Les lois d'expulsion de Nauru sont confrontées à une enquête de deux heures alors que le débat sur la migration rage

Les lois sur l'expulsion seront précipitées dans une enquête du Sénat de deux heures mercredi soir – d'autres enquêtes prennent généralement plusieurs semaines – et adopteront le Parlement avec le soutien de la coalition. L'enquête entendra des fonctionnaires des affaires intérieures, mais elle ne recherchera pas de soumissions externes ni ne produira de rapport.

Le porte-parole de l'opposition aux affaires intérieures, Andrew Hastie, a déclaré que la coalition faciliterait l'adoption urgente du projet de loi pour s'assurer que les anciens détenus avec des condamnations pénales ont été expulsés dès que possible, mais il a poursuivi une attaque politique contre la gestion par le gouvernement de l'affaire de la Haute Cour de la NZYQ.

Une décision de la Haute Cour selon laquelle les gens ne pouvaient pas être détenus en détention indéfinie après avoir purgé des peines ont forcé le gouvernement à trouver de nouvelles façons de traiter avec les délinquants qui ne pouvaient pas être expulsés dans leur propre pays et que d'autres nations n'accepteraient pas.

Le porte-parole de l'opposition aux affaires intérieures, Andrew Hastie, au Parlement lundi.Crédit: Alex Ellinghausen

« Ce sont les échecs de politique successifs du gouvernement travailliste qui nous ont amenés à ce poste en premier lieu », a déclaré Hastie. «Ce n'est pas la Haute Cour, ce n'est pas la coalition ou les verts. Ce gâchis se trouve seul aux pieds du travail.»

Le député indépendant Zali Steggall a cherché sans succès à déplacer un amendement concernant «l'immense dépassement» dans le projet de loi, qui, selon elle, pourrait affecter d'autres personnes sur certains visas de pontage.

« Cette législation est profondément problématique … Je reconnais la nécessité de trouver une solution, mais la nécessité de protéger l'équité procédurale et la justice naturelle sont les pierres angulaires de notre système judiciaire et devraient être absolument confirmées », a déclaré Steggall.

Pendant ce temps, le sénateur de la nation Malcolm Roberts a tenté de lancer une enquête distincte sur l'effet des «niveaux d'immigration élevés sur l'économie australienne» au Sénat lundi soir. La coalition l'a modifié à sonder «l'échec des politiques d'immigration du gouvernement travailliste albanais».

Le travail a fermé l'amendement de la coalition mardi soir, après que le porte-parole de l'immigration de l'opposition, Paul Scarr, a déclaré que les problèmes devraient être discutés d'une manière qui est «considérée, mesurée et raisonnée».

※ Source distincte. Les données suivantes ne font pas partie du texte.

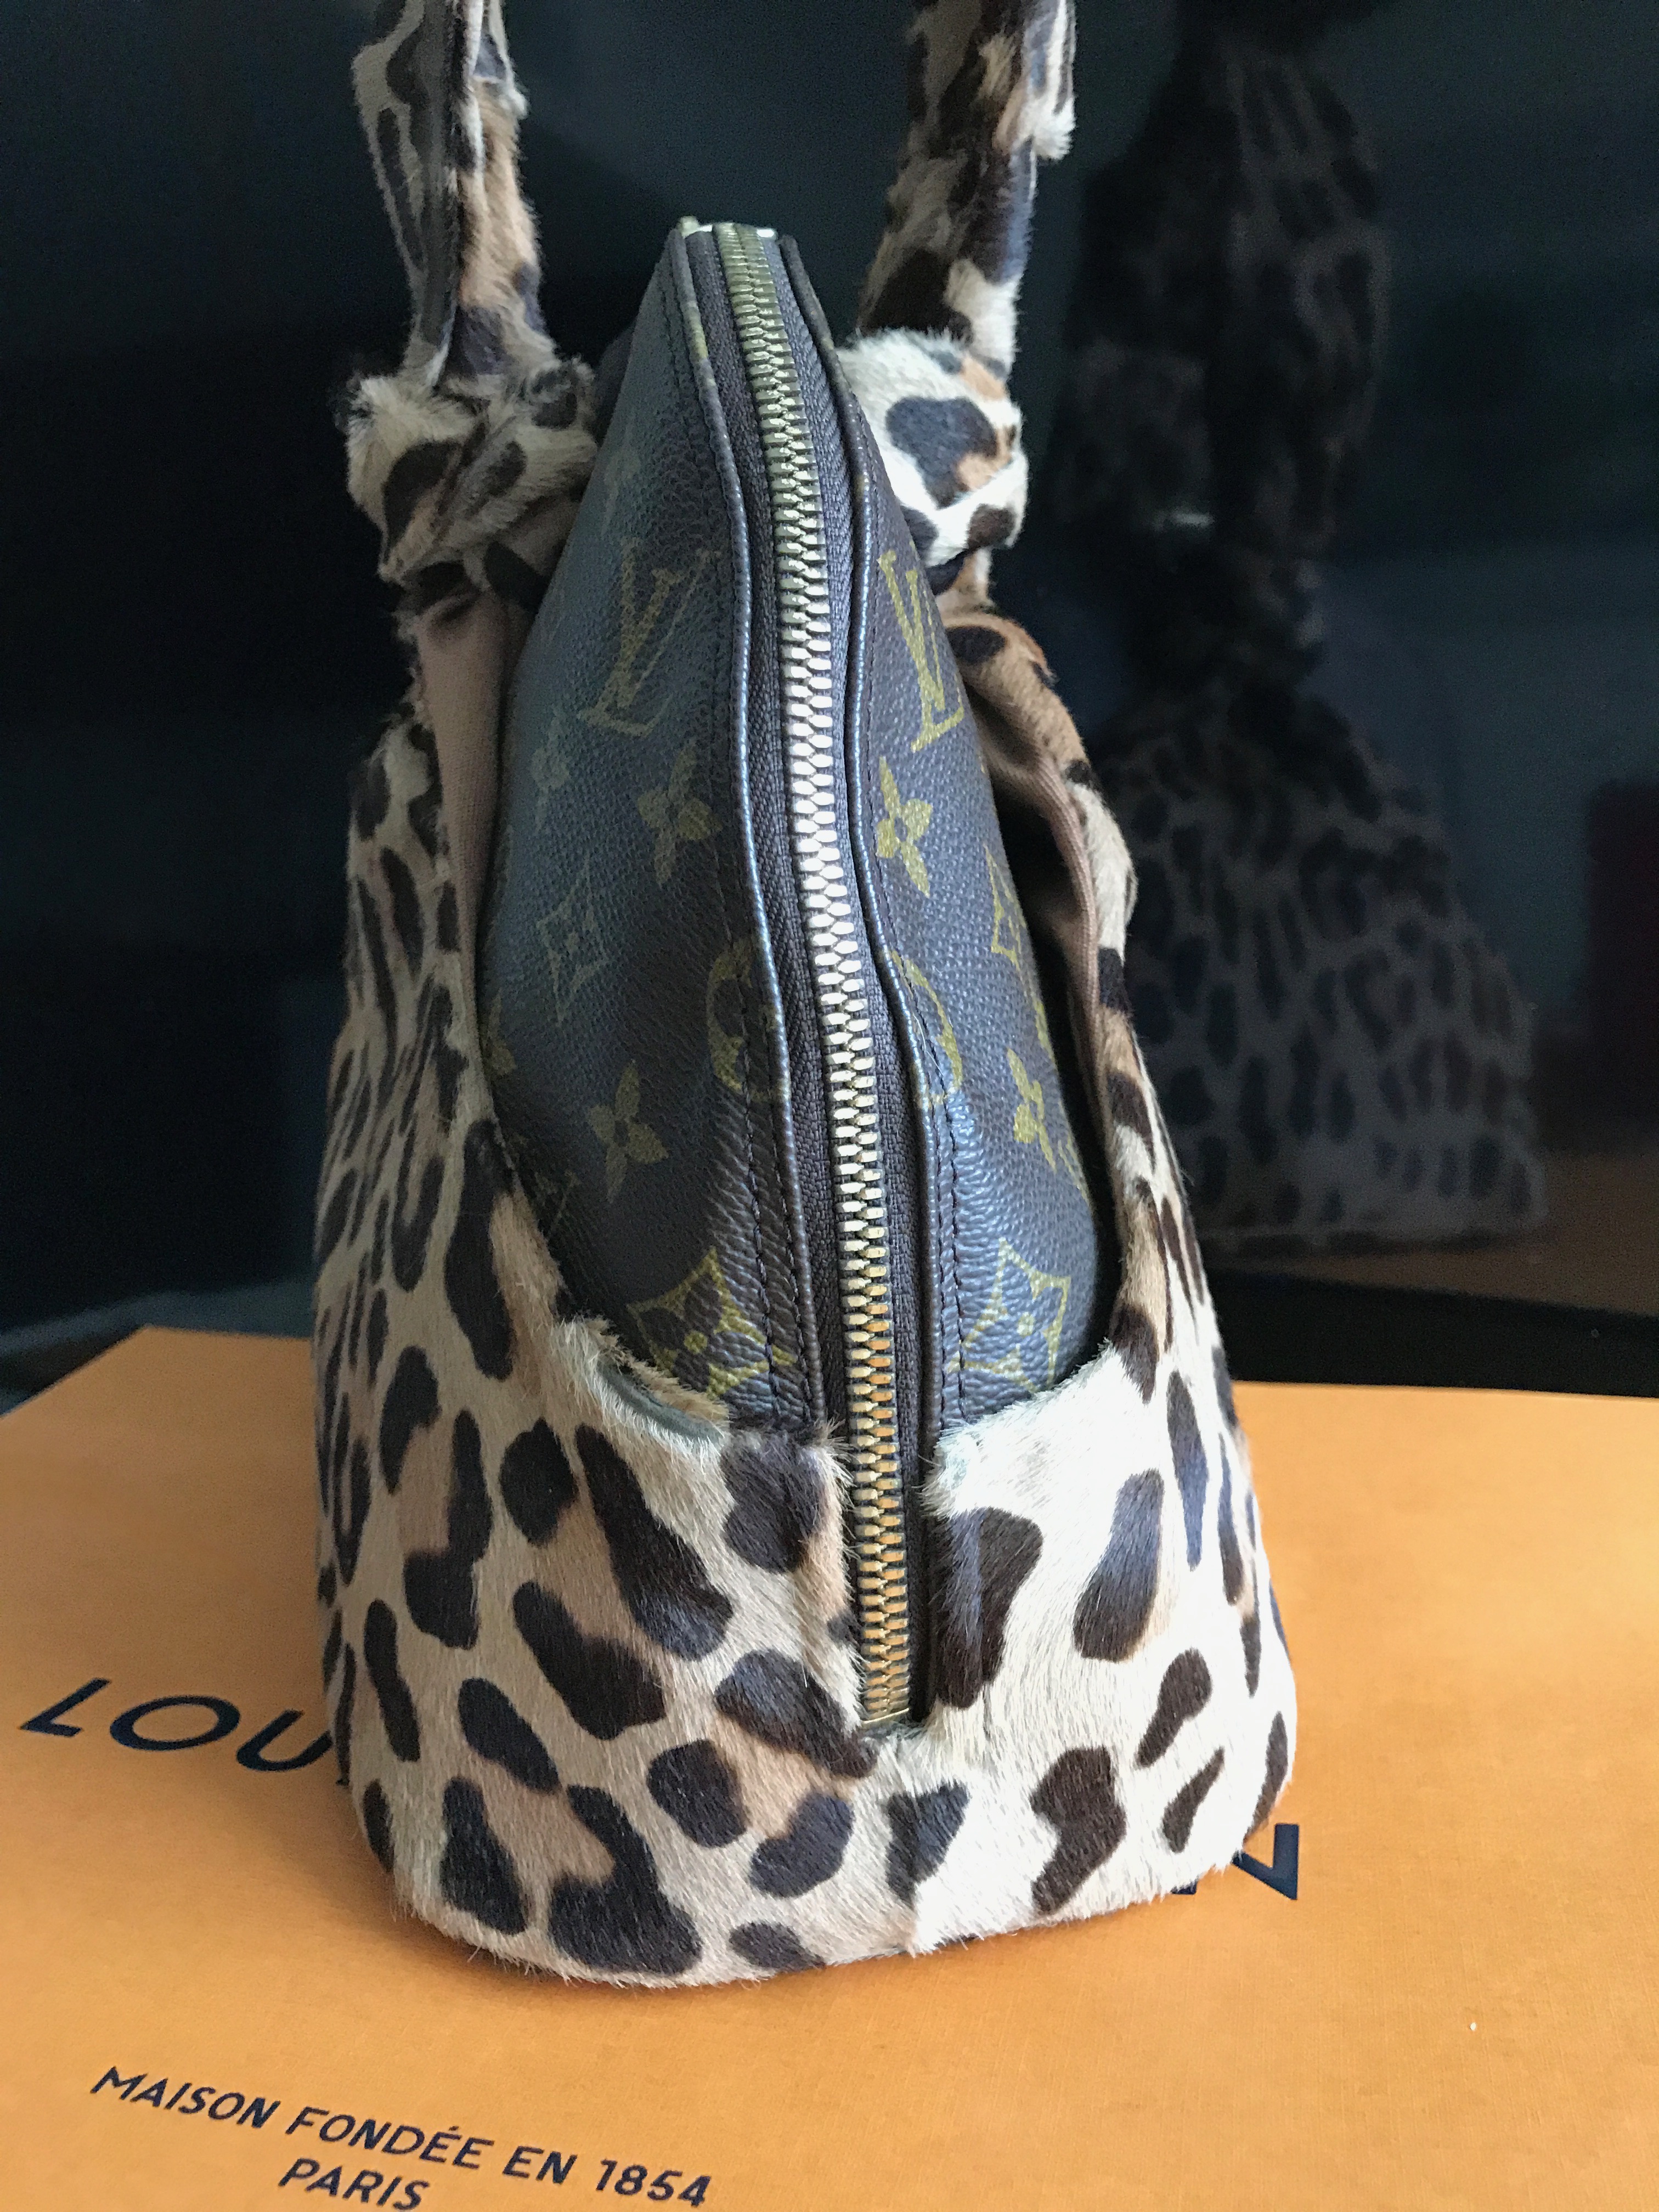 Louis Vuitton Limited Edition Leopard Print Centenaire Alma bag by

« Je ne soutiens pas blâmer les immigrants ou les migrants pour les problèmes auxquels nous sommes confrontés aujourd'hui. Je pense que c'est mal, je pense que c'est la division, et je pense que cela déchire notre tissu social », a-t-il déclaré.

«Je soutiens avoir un débat considéré comme considéré par rapport à la question. Je pense que nous devons avoir ce débat … si le débat n'est pas eu, des éléments extrêmes se rempliront ou chercheront à combler le vide, et c'est quelque chose contre lequel nous devons nous prémunir.»

Les sénateurs du travail ont repoussé. « Bien sûr, nous devrions pouvoir avoir un débat rationnel sur la migration. Bien sûr, nous devrions être en mesure de le faire », a déclaré la sénatrice du travail Michelle Ananda-Rajah.

«Mais la rationalité sort par la fenêtre lorsque cet argument est coopté par les néonazis, lorsque le sentiment anti-immigrant est le modèle commercial d'une nation et maintenant la coalition. Cet endroit transforme le sifflet de chien en mégaphone.»

Au milieu de la lutte contre les numéros d'immigration, le ministre des Affaires intérieures, Tony Burke, a publié des objectifs en retard pour le programme de migration permanente du gouvernement, qui délivre des visas qualifiés et familiaux.

«Il suit la consultation des États et des territoires, qui recommandaient de maintenir la taille et la composition du programme, en mettant l'accent sur la migration qualifiée», a-t-il déclaré.

Le groupe de l'industrie australien a salué l'objectif maintenu en reconnaissance des pénuries de compétences auxquelles l'Australie, mais la coalition a déclaré que le gouvernement avait donné une explication insuffisante à sa décision.